IL FANTASMA DELL'OPERA ( I, 1998)
DI DARIO ARGENTO
Con ASIA ARGENTO, JULIAN SANDS, Andrea Di Stefano, Nadia Rinaldi.
HORROR


Dal classico di Gaston Leroux, Dario Argento aveva, a grandi linee, già tratto "Opera":undici anni e quattro film dopo, il regista romano realizza proprio la sua versione del romanzo dell'orrore già ispiratore di numerosi lungometraggi,di cui il più celebre è a tutt'oggi quello con Lon Chaney.Recitato malissimo da una sempre fuori calibro Asia Argento, da un Julian Sands senza alcun carisma, per tacere di Nadia Rinaldi e Coralina Cataldi Tassoni, abbastanza improponibili, questo "Fantasma dell'Opera" argentiano ha un paio di sequenze indovinate, come quando i topi ricoprono letteralmente il folle Fantasma, più spesso scade in pretenziosità e ridicolaggini inopportune( gli ammazzatopi, per carità...) per esempio i due intellettuali che nel bordello si azzuffano per questioni letterarie.Argento presenta una varia crudeltà fine a se stessa, il film sbanda clamorosamente, fino a toccare i punti più bassi della carriera dell'autore di "Tenebre".Ci si annoia e ci si deprime per come uno dei talenti cinematografici più visionari del nostro cinema sappia buttarsi via in cose del genere.
LA SUPERTESTIMONE ( I,1971)
DI FRANCO GIRALDI
Con MONICA VITTI, UGO TOGNAZZI, Orazio Orlando, Veronique Vendell.
COMMEDIA
A volte, si sa, gli attori rendono un film più digeribile di quanto esso davvero non sia.
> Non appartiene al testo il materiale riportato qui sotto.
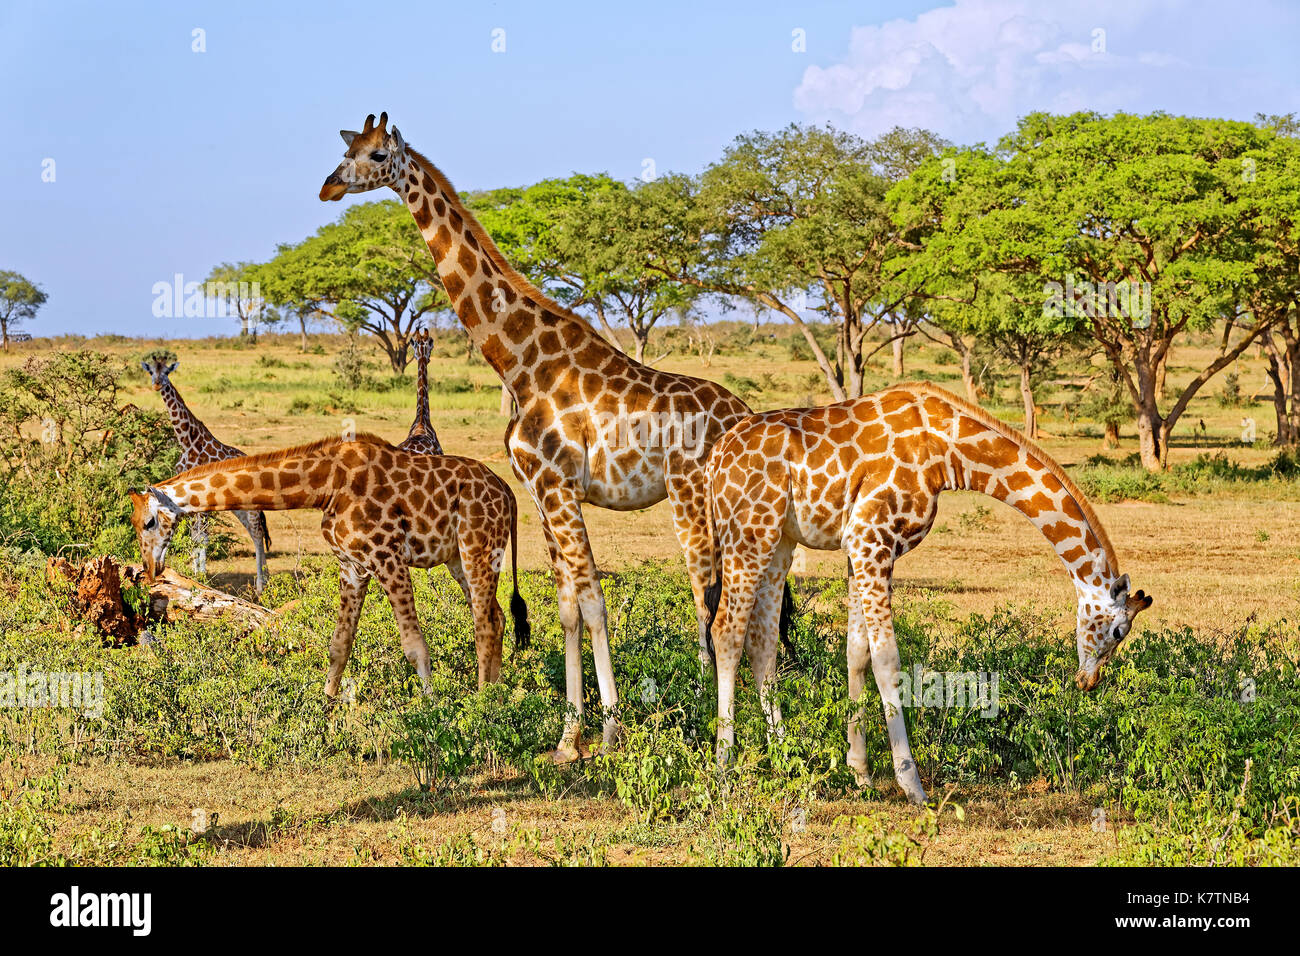 A small herd of giraffes feeding in natural habitat, Murchison Falls National Park, Uganda, Africa. Stock Photo

E la bravura, oltre che l'alchimia tra Monica Vitti e Ugo Tognazzi, servono molto a migliorare l'effetto che "La supertestimone", che si regge su uno spunto più adatto a reggere la durata di un episodio che di un intero lungometraggio:Giraldi, regista non male con gli western-spaghetti, è meno a suo agio con la commedia di costume.Non divertentissimo, anzi, in un certo qual modo un pò triste.